■ **STORED DATA**
___
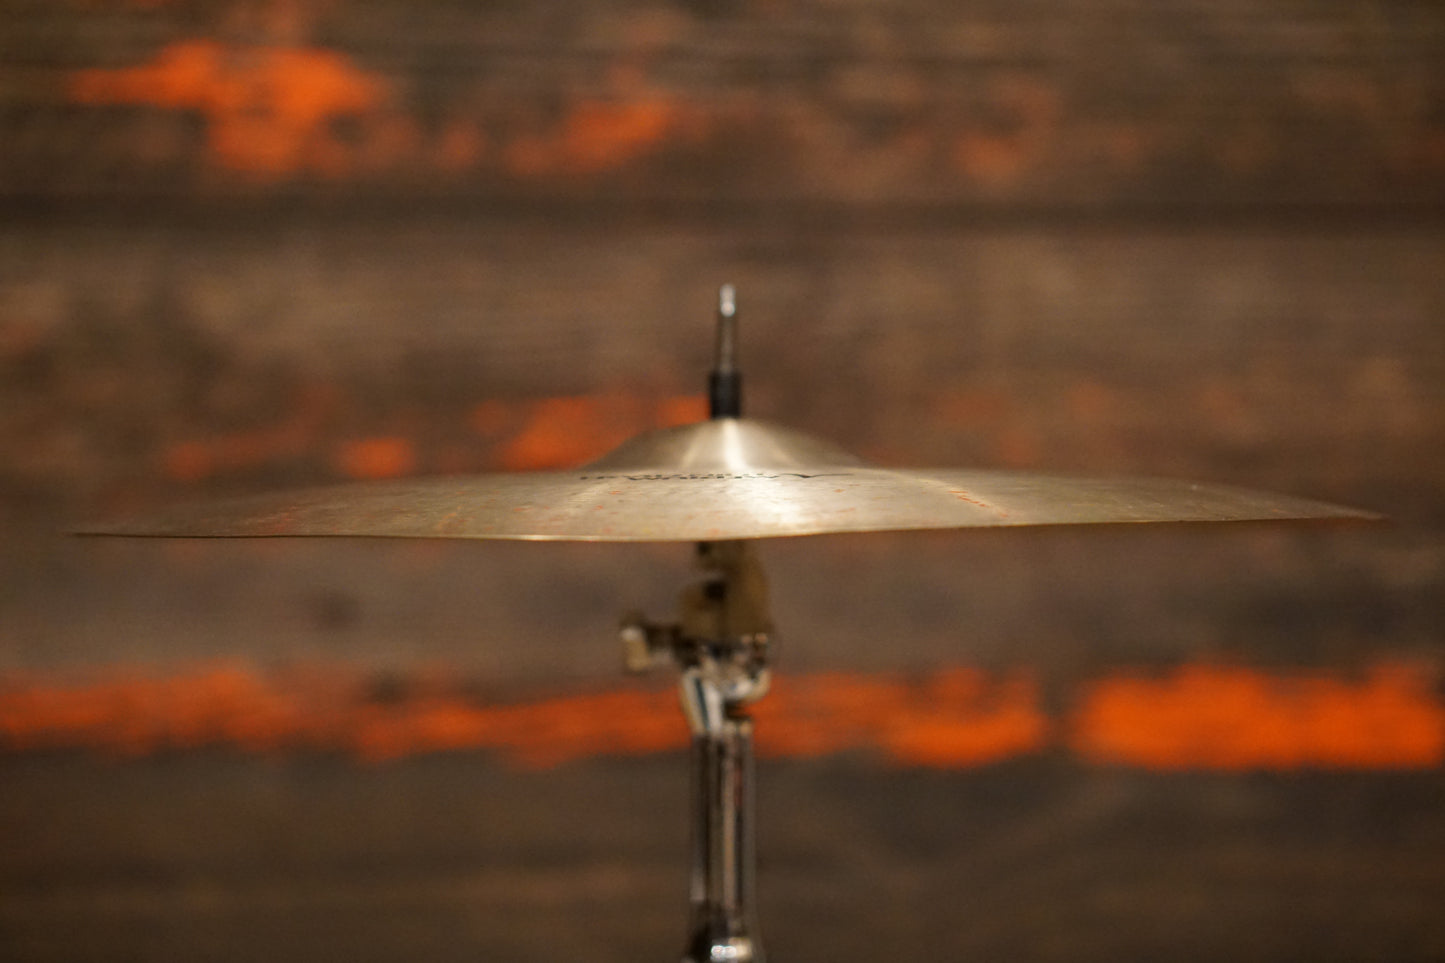 Zildjian 16" Avedis Medium Thin Crash Cymbal - 1186g
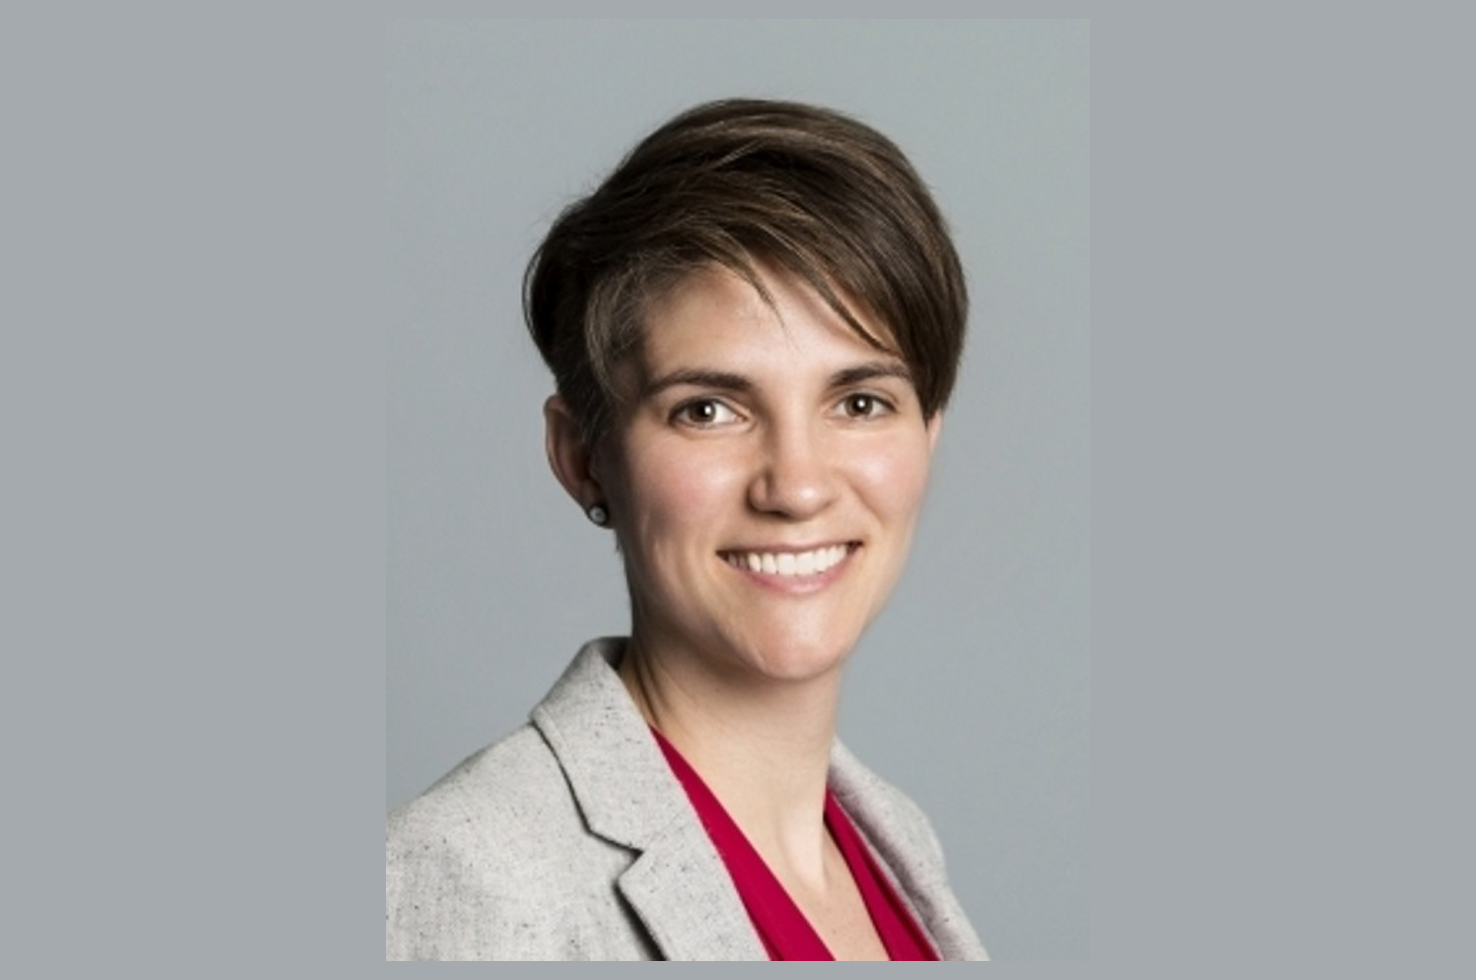 Dr. Sarah Pedersen
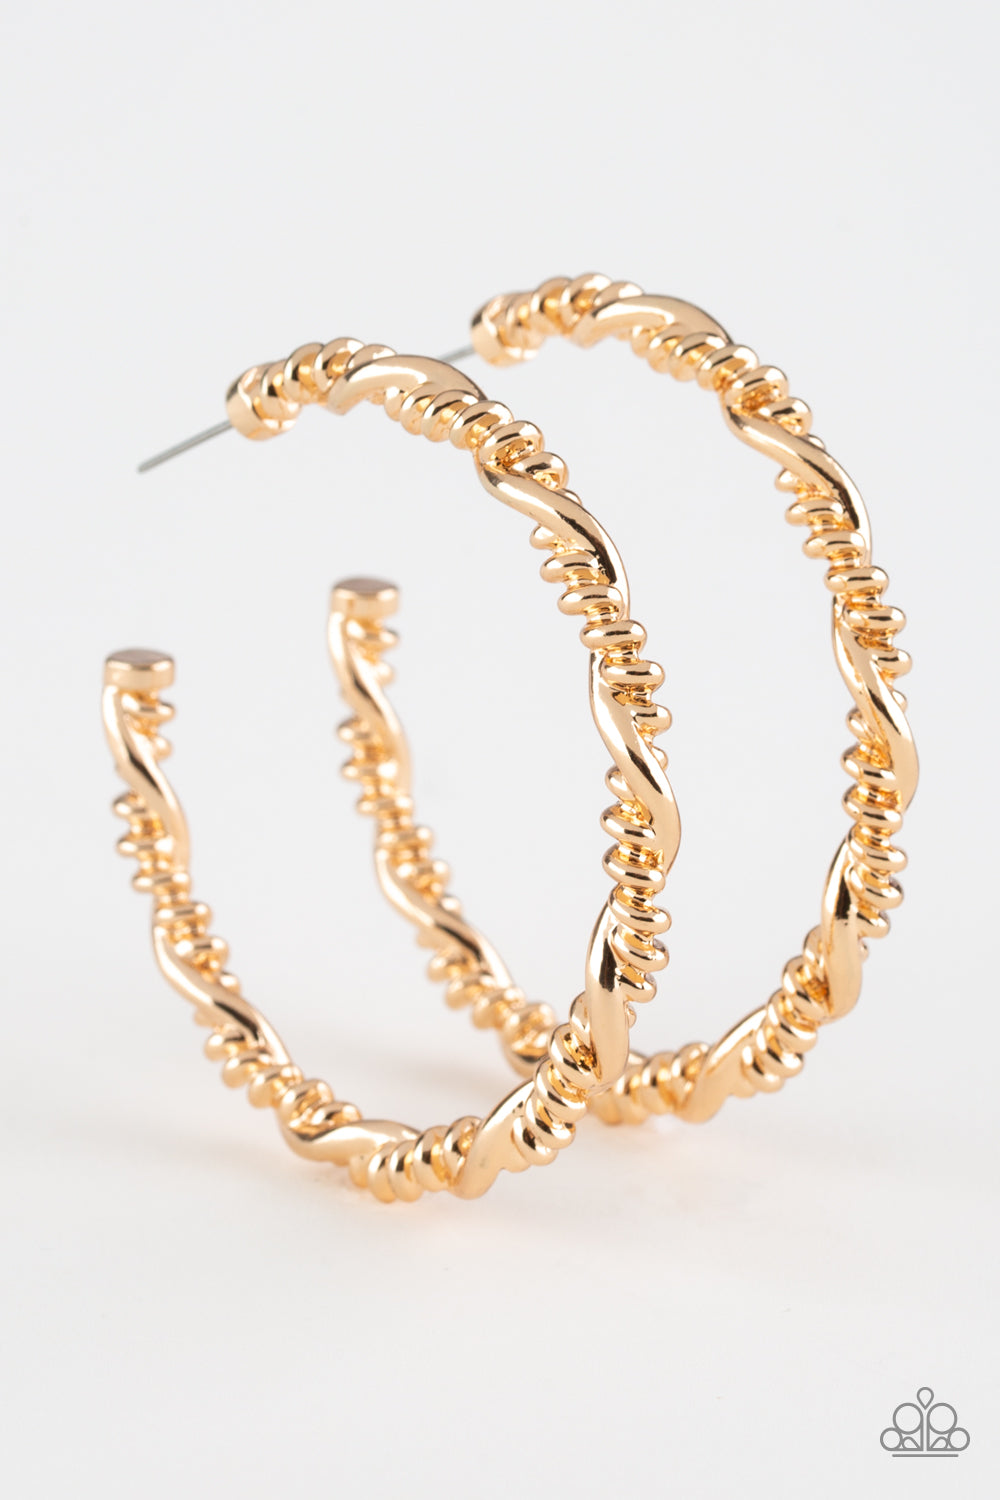 Street Mod - Gold hoop earrings
___
■ **WORK REQUEST**
Write out all the data exactly, minus pictures.

■ **SOLUTION TO THIS EXERCISE**
 Zildjian 16" Avedis Medium Thin Crash Cymbal - 1186g
 Dr. Sarah Pedersen
 Street Mod - Gold hoop earrings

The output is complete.